We constantly hear that any relationship is a compromise. Persistent, sometimes difficult, sometimes downright impossible. But we understand that without movement towards each other sooner or later, any, even the strongest, love will wither. And then everything stops. But the issues in which compromise is not only unnecessary, but, frankly, harmful. So let’s talk about where experts advise not to sacrifice internal principles under any circumstances.
This is perhaps the most important principle that cannot be compromised ever. No matter who or what is encroaching on your inner freedom, it is impossible to give.

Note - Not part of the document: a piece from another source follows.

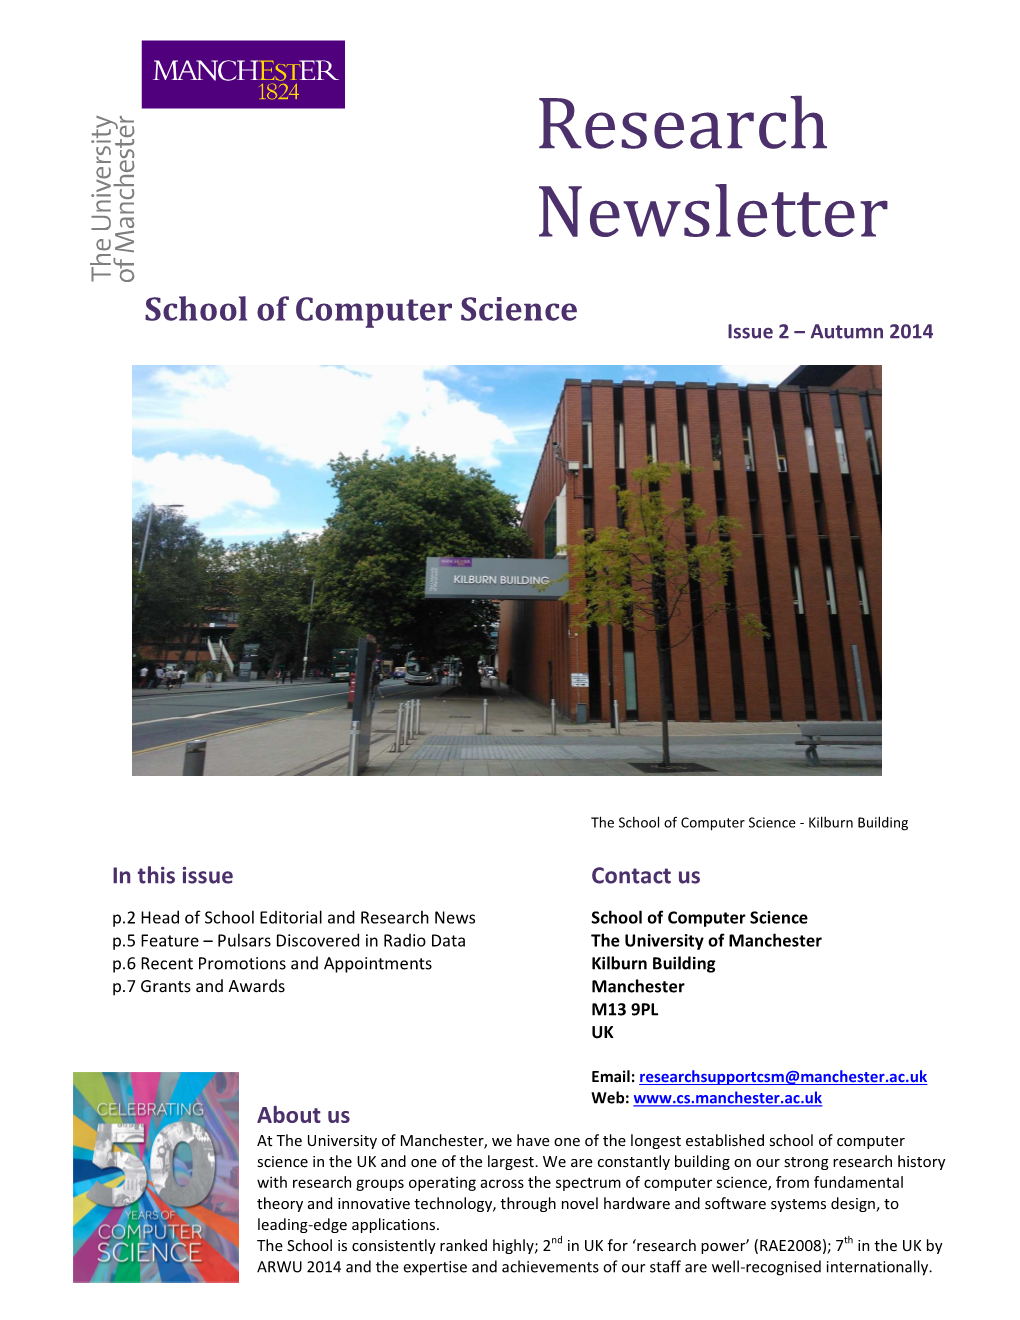 CS Research Newsletter
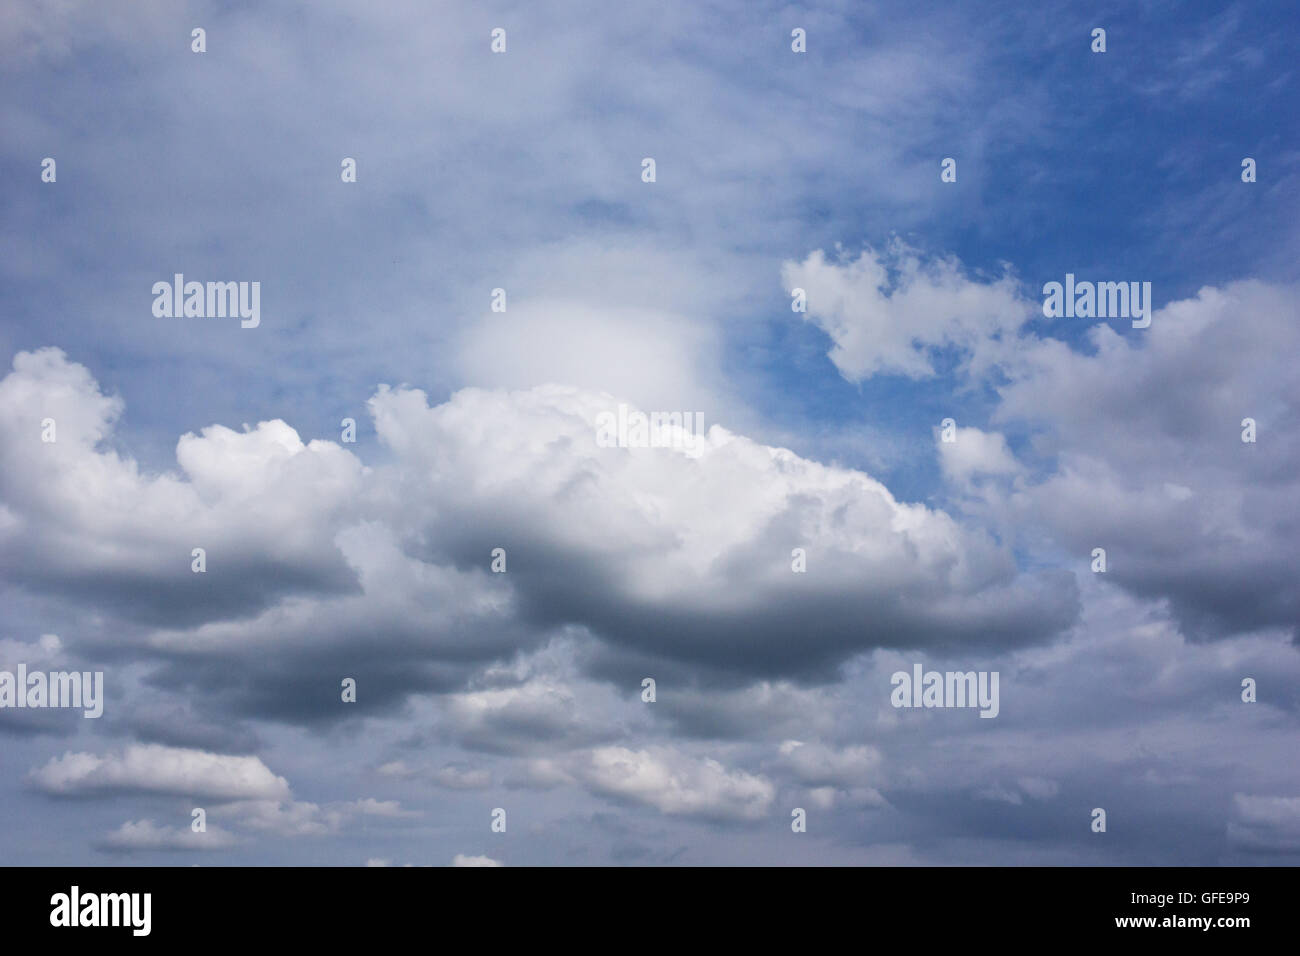 L'été bleu ciel avec nuages cirrus et cumulus blanc Banque D'Images

Otherwise the collapse is inevitable: sooner or later the lack of inner freedom will lead you to serious addiction. And absolutely no matter from whom. Your partner (or fiancee) can be a wonderful person, it can match with you 100% and you feel thin, but it will matter. Because addiction destroys. Addicts always end up the same, just heroin destroys faster and clearer than the shackles of love. But in the end there is no difference – the disintegration of personality may look different, but it is always disintegration.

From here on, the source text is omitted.